# MATERIAL SUPPLIED:

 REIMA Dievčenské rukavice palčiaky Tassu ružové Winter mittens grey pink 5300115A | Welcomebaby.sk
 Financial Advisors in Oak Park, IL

==

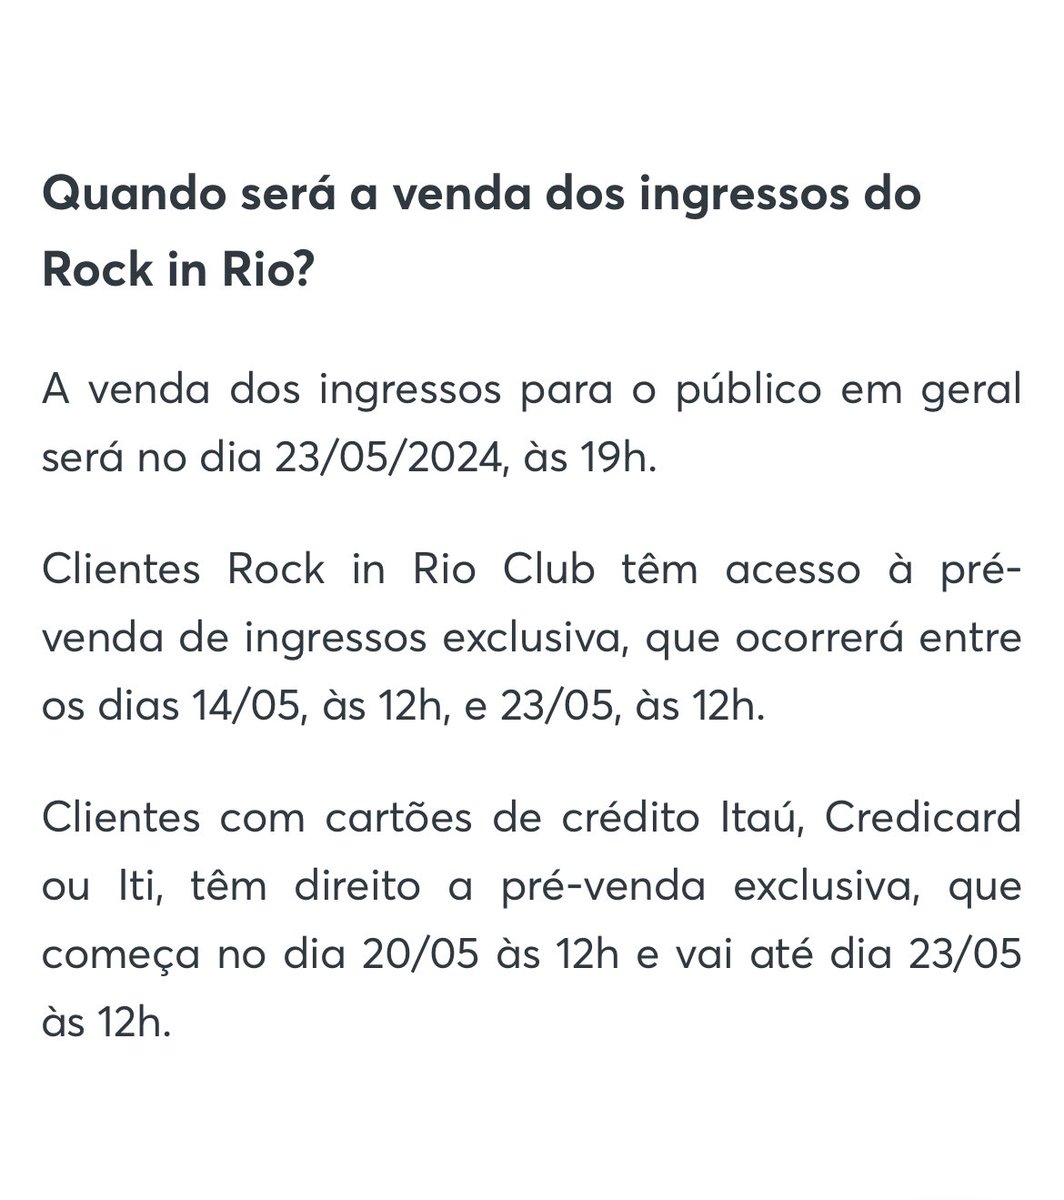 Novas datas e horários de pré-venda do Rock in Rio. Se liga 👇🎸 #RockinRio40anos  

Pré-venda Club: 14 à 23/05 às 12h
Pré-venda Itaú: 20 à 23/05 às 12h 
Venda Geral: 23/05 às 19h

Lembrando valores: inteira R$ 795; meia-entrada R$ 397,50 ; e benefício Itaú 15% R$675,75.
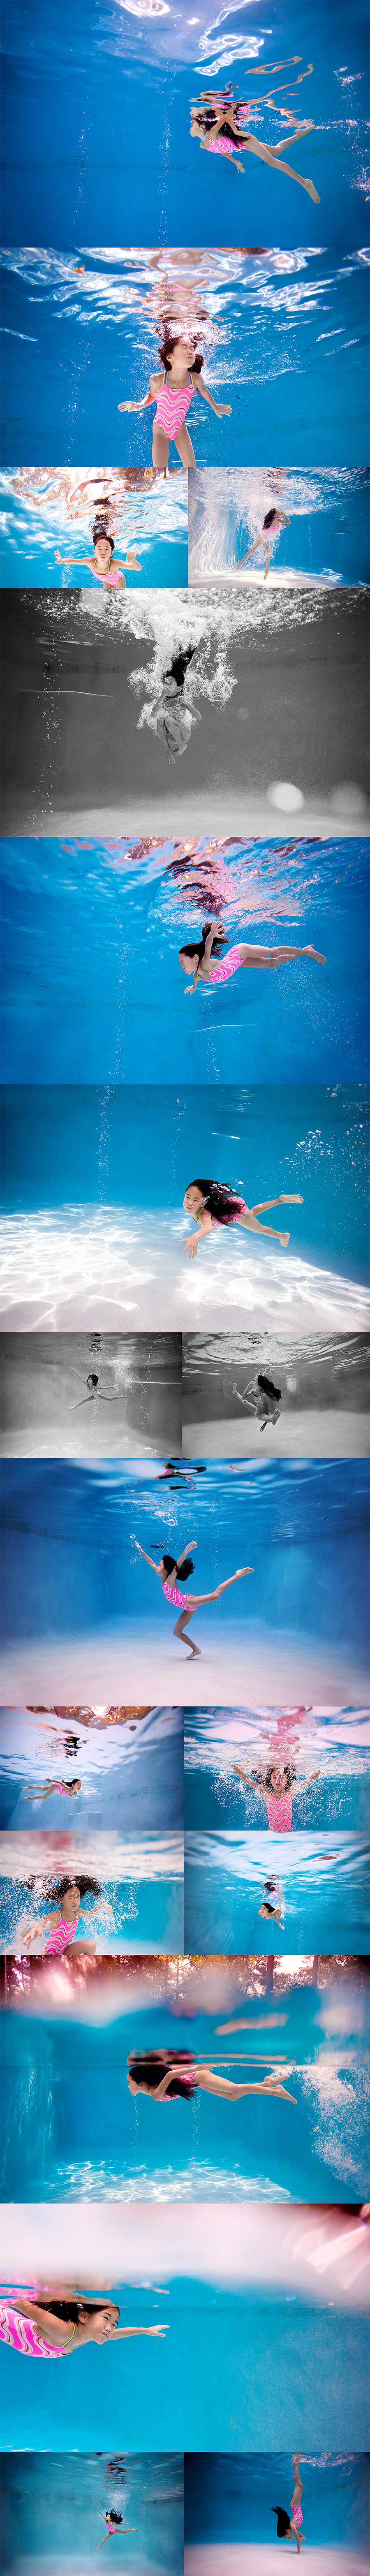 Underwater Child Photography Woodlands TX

# WORK ORDER:
Your answer should consist of each line above in which "Itaú" appears.

# RESULT OF THE TASK:
Pré-venda Itaú: 20 à 23/05 às 12h 
Lembrando valores: inteira R$ 795; meia-entrada R$ 397,50 ; e benefício Itaú 15% R$675,75.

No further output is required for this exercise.